By Dr Minh Alexander NHS whistleblower and former consultant psychiatrist, 23 September 2018
Summary: After much spin, lengthy evasion and denial, the CQC has admitted that its approach to whistleblowing requires improvement. Time will tell if the CQC will take the necessary, serious action.
Following the publication of the report of the public inquiry into MidStaffs and the conclusion of Raj Mattu’s long running case in the Employment Tribunal, the government was under pressure to improve the NHS’ response to whistleblowers.
It responded in 2014 by commissioning the controversial Freedom To Speak Up Review, the efficacy of which remains hotly disputed.

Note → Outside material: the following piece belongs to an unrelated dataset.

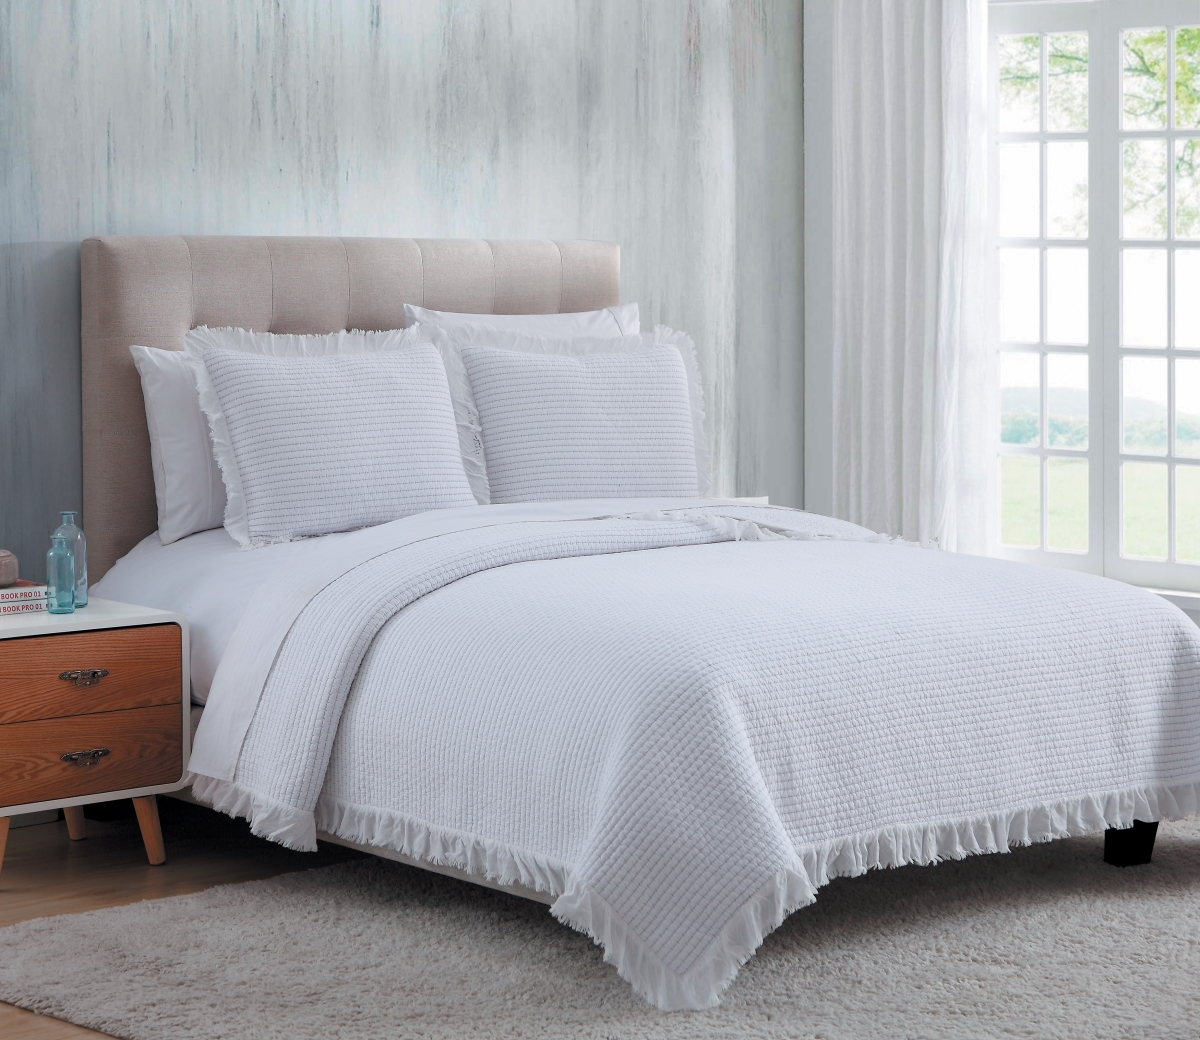 Q170.w9090 Beautiful Cotton Quilt Set With Textured Design & Fringed Borders, White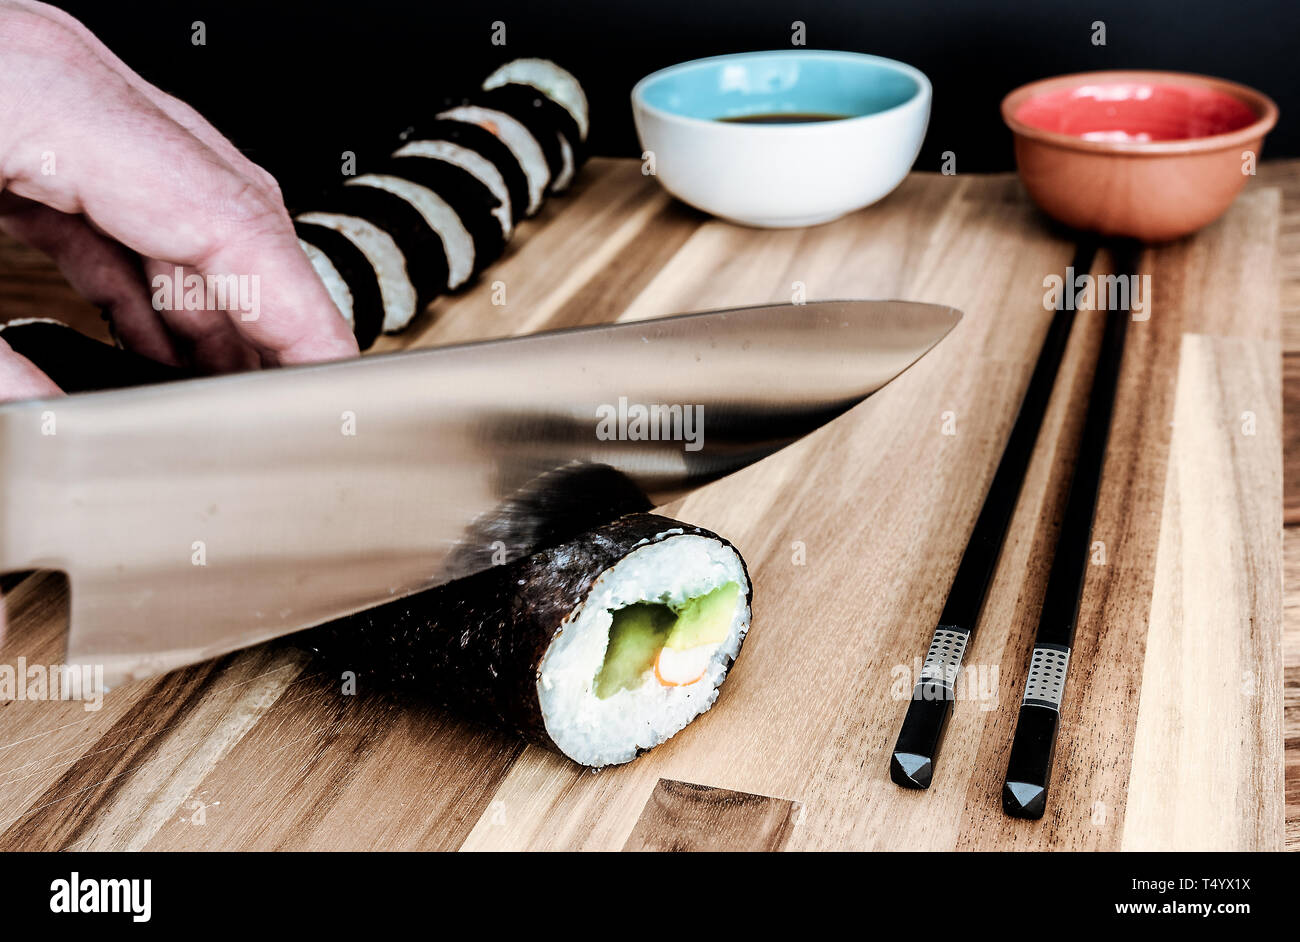 close-up of person cutting homemade sushi rolls with kitchen knife Stock Photo

It was of course a little odd that Robert Francis as a CQC NED was in the position of reviewing his own organisation’s performance on whistleblowing as part of the Freedom To Speak Up Review. The potential conflict of interest was not formally acknowledged in his Review report or by the government. But he did at least acknowledge that system regulators could do more within their existing powers to protect whistleblowers, and he recommended that if necessary, they should seek a change in their regulations to better protect whistleblowers.
Complementing the government’s efforts with the Freedom To Speak Up Review, the CQC put on a show of reviewing its approach to whistleblowers. This culminated in its December 2014 report ‘Complaints Matter’, in which the CQC set out sketchy evidence and insubstantial recommendations on how it would approach whistleblowing in the future.
There was more emphasis on spin. A great CQC triumph was securing the endorsement of a high profile whistleblower. This glowing recommendation was tactically released by CQC within days of the publication of the Freedom To Speak Up report:
“Although my secondment ended last year, I was involved in the evaluation of the work once the trials had been completed. I have been keeping a close eye on things as they develop at CQC; I have every faith in them – and that perhaps things can change for the better.”
But whistleblowers have continued to complain about CQC’s approach. In December 2014, when CQC’s “Complaints Matter” report was published, it was revealed that CQC had outed whistleblower surgeon Shiban Ahmed to his employer. CQC maintained that this was an error on its part.
CQC’s superficial governance of whistleblowing matters continued to be a bone of contention on matters such as:
CQC treated concerns about these sort of matters as a nuisance. It even has containment strategies for whistleblowers, myself being one.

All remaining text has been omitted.